Frank Steunenberg, el exgobernador de Idaho se entregó a Cristo a tiempo. El día en que iba a morir, mientras su esposa dirigía el altar familiar, él sintió la llamada del Espíritu de Dios. Se puso de pie, inquieto, yendo y viniendo en la sala de su casa. De pronto comenzó a cantar un himno, y declaró que recibía a su Señor.

Por la noche, al volver a casa, estalló la bomba.
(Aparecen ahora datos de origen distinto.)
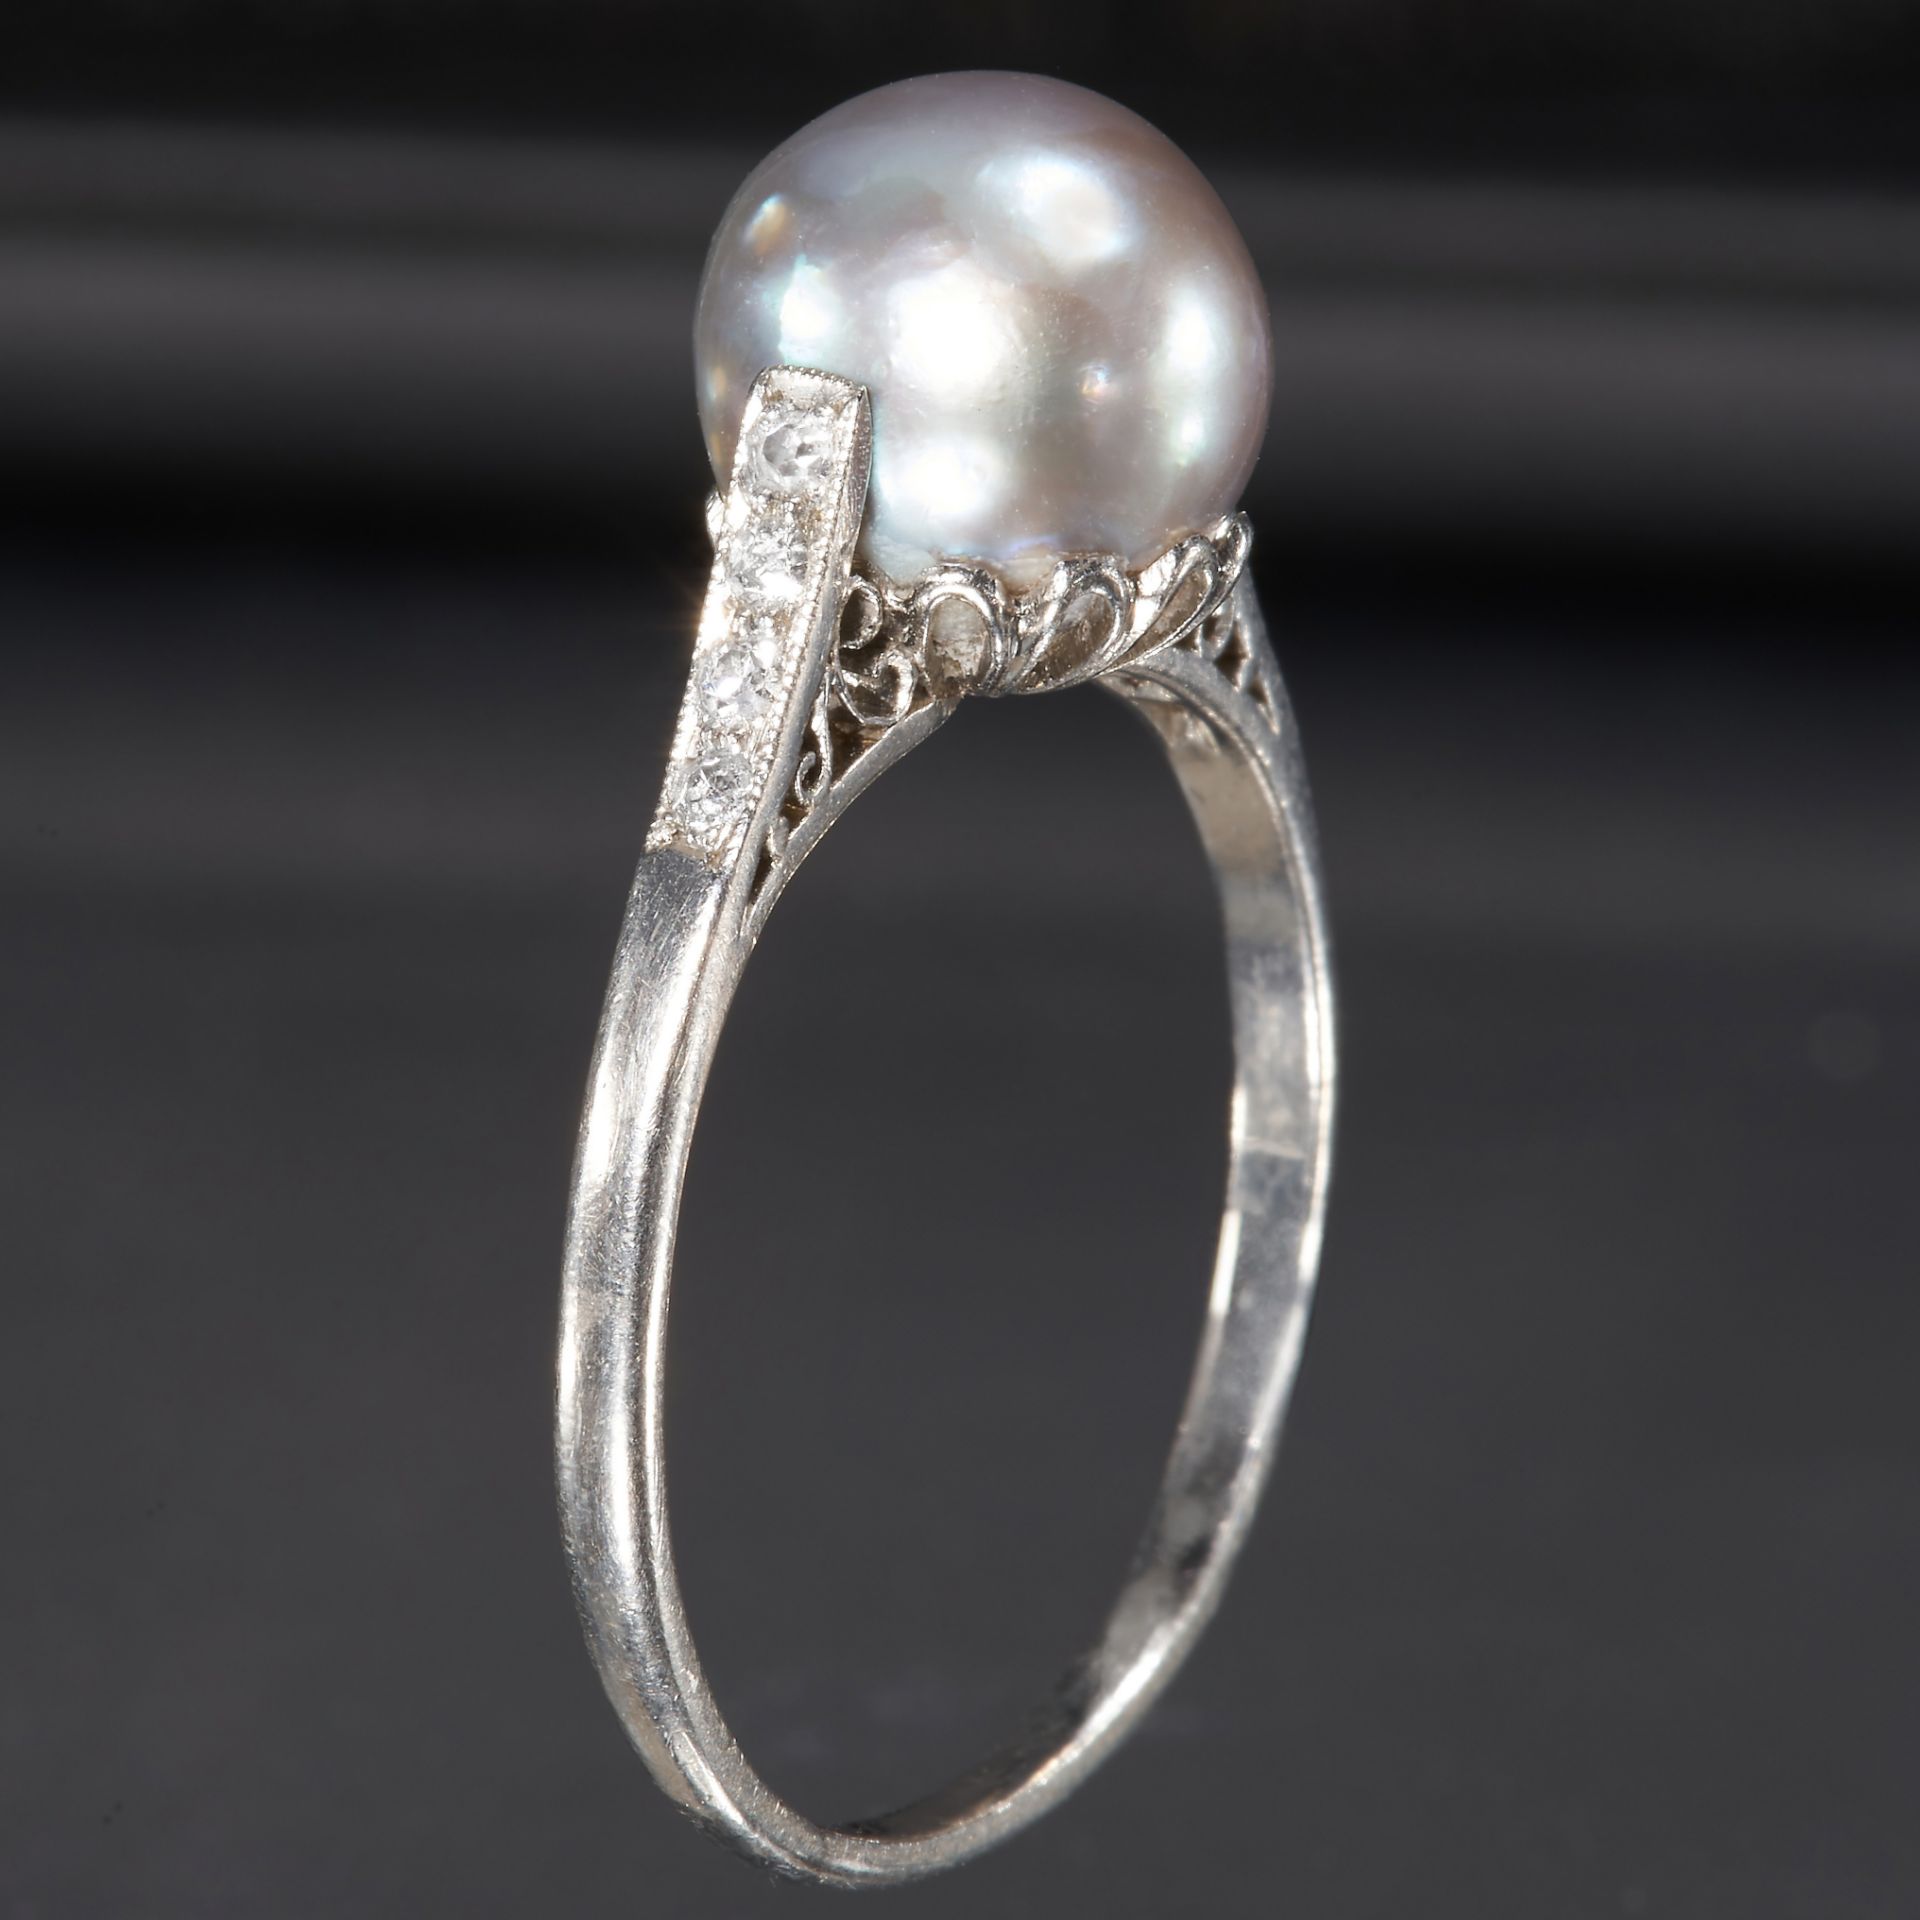 NATURAL SALTWATER PEARL AND DIAMOND RING - Image 2 of 3

Estaba cubierta por la nieve, en una puerta lateral de su casa. Harry Orchard, un hombre que había matado a muchos otros a nombre del gremio de mineros extremistas de Idaho, cometió el magnicidio.

Cerca de la casa del gobernador Steunenberg, hay una iglesia adventista de habla hispana. Data de 1865. Frank Steunenberg murió en la fe adventista, su esposa y sus hijos creían en el advenimiento de Cristo y tenían su feligresía en la iglesia adventista local.

No sabemos si hoy vamos a morir; nadie lo sabe. Si lo supiéramos, el estrés nos mataría antes. El Señor mantiene esa información fuera de nuestro conocimiento porque es un Dios de amor.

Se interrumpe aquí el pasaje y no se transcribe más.